Rethinking the Progress Bar - nreece
http://hamletdarcy.blogspot.com/2008/04/rethinking-progress-bar.html
======
Hexstream
There's this one idea I've had for some time for progress bars. Say you have a
progress bar for a lengthy operation (duh). For example, the progress bar for
loading a certain level in a certain game. On successive loadings of the same
level on the same machine, the "signature" of the loading should be the same.
So you could cache how much time it takes on the first time you load, and on
subsequent loads you hope the loading will have the same behavior and make the
progress bar grow smoothly, proportional to the time it takes.

That was the simplest scheme, you can go much further. You could separate the
loading in chunks (say, 20 chucks of 5%) and see how much time each chunk
takes (you get the ratio displayed progress/actual progress). On the next
loading, if a chunk takes more time than the last time then you adjust the
rest of the indication of progress appropriately to compensate.

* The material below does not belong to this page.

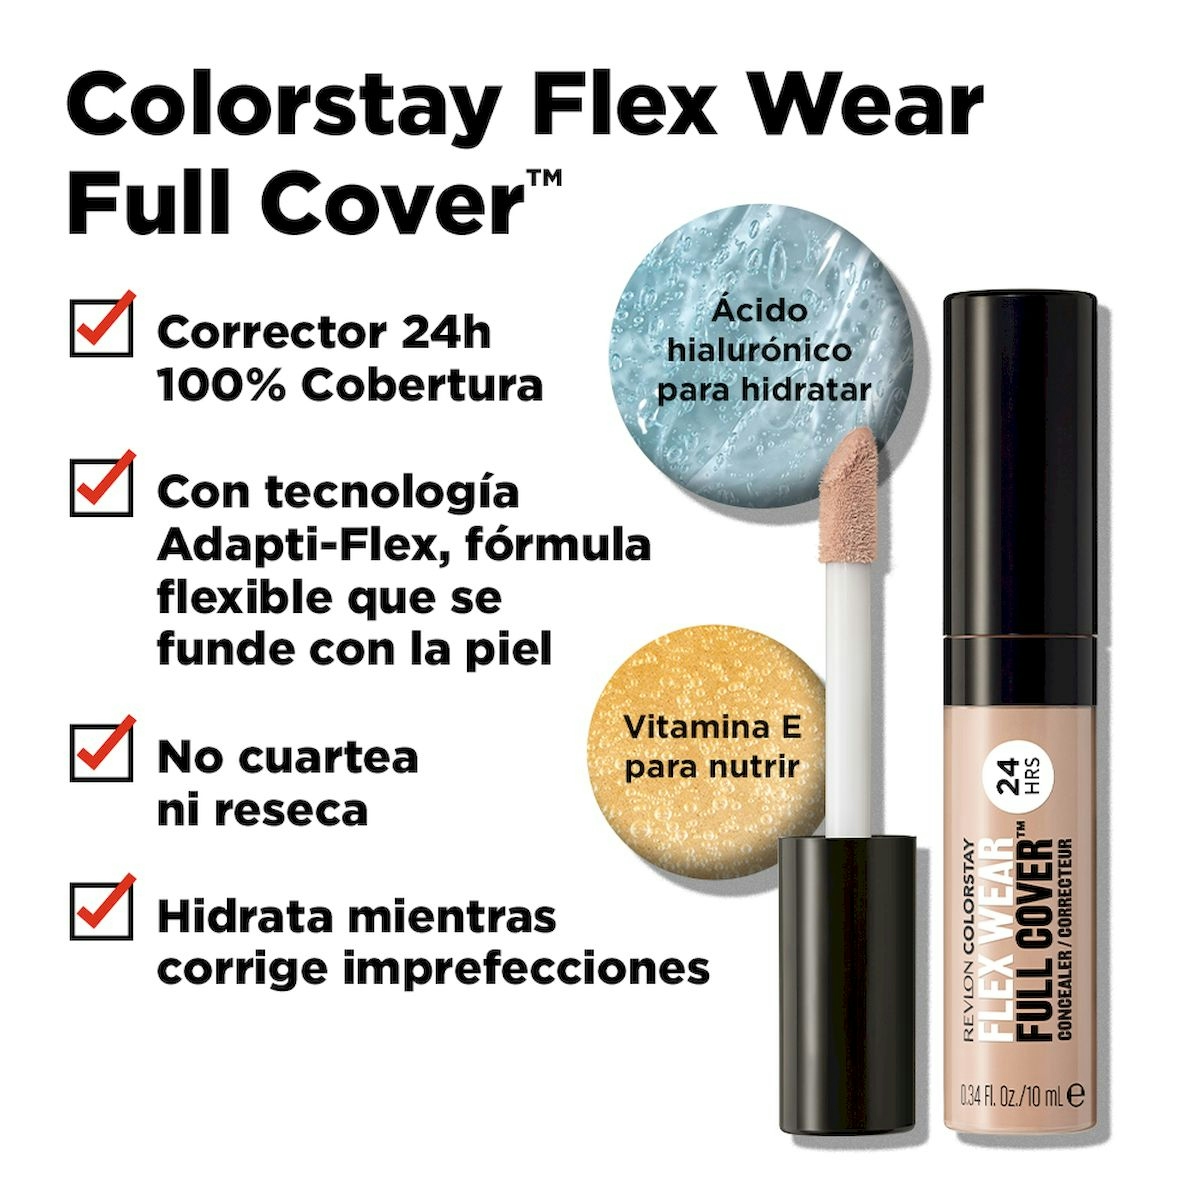 Revlon Colorstay Flex Wear Full Cover Concealer Creme Brul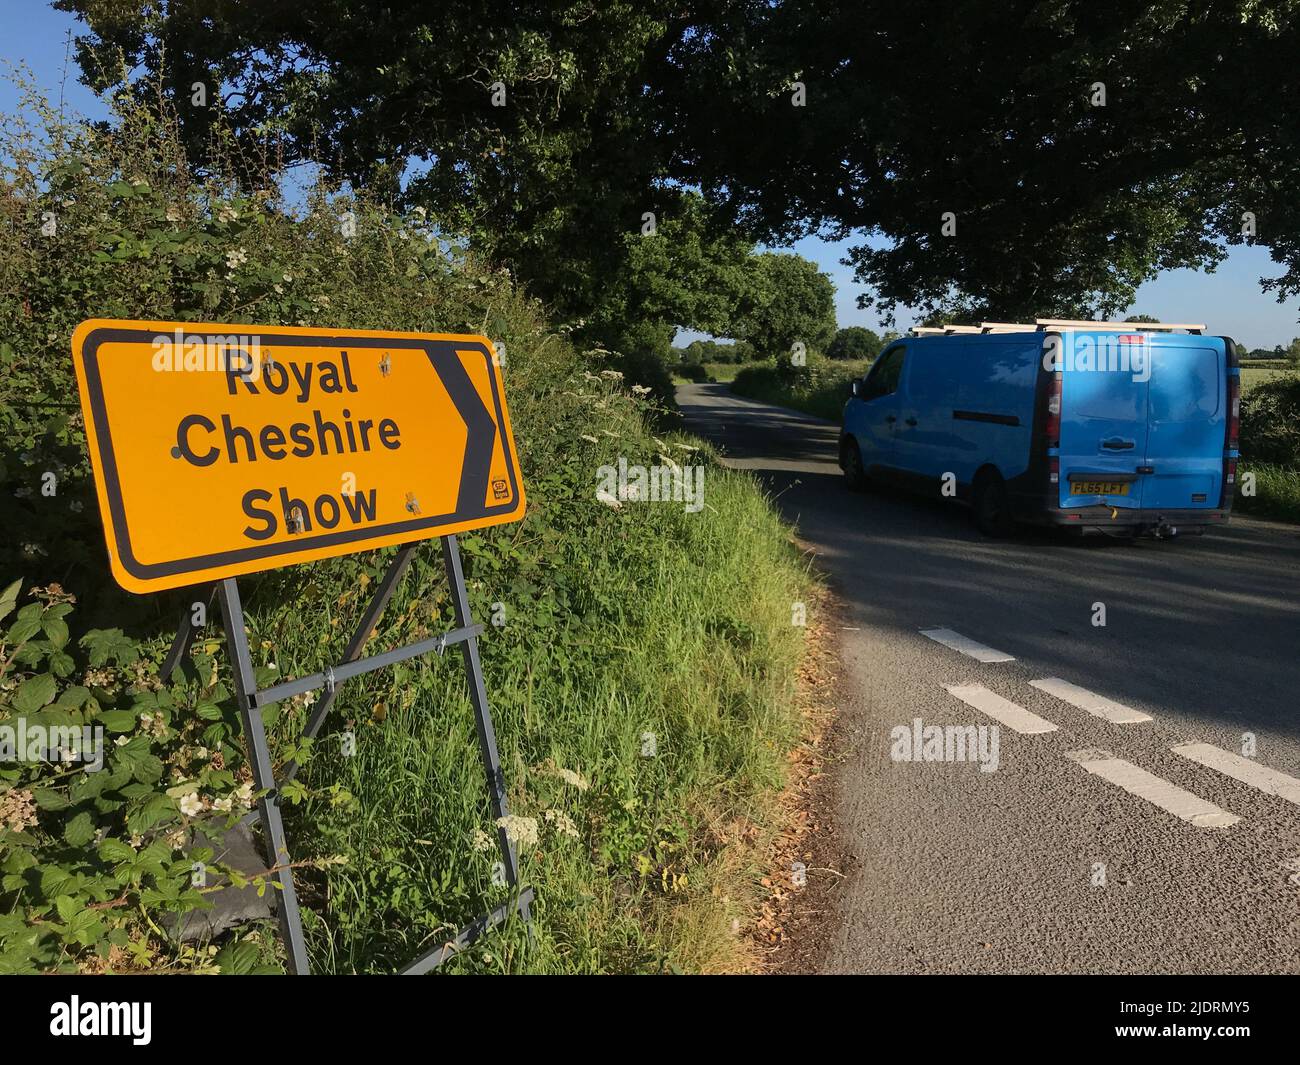 Royal Cheshire Show, gelbe Verkehrskontrollschilder in ländlichen Fahrspuren, um Staus und Verspätungen zu vermeiden, Pickmere, Cheshire, England, Großbritannien Stockfoto

Even better, instead of only considering the last loading you could develop a
statistical model over many loadings of what is likely to vary and by how
much. Maybe you could even take the system's load average (as provided by the
OS) into consideration.

I think this guessing scheme, though failure-prone, would make progress bars
much more accurate for common scenarios. It would be better than just
accepting that most progress bars will be broken and inaccurate like we do
right now...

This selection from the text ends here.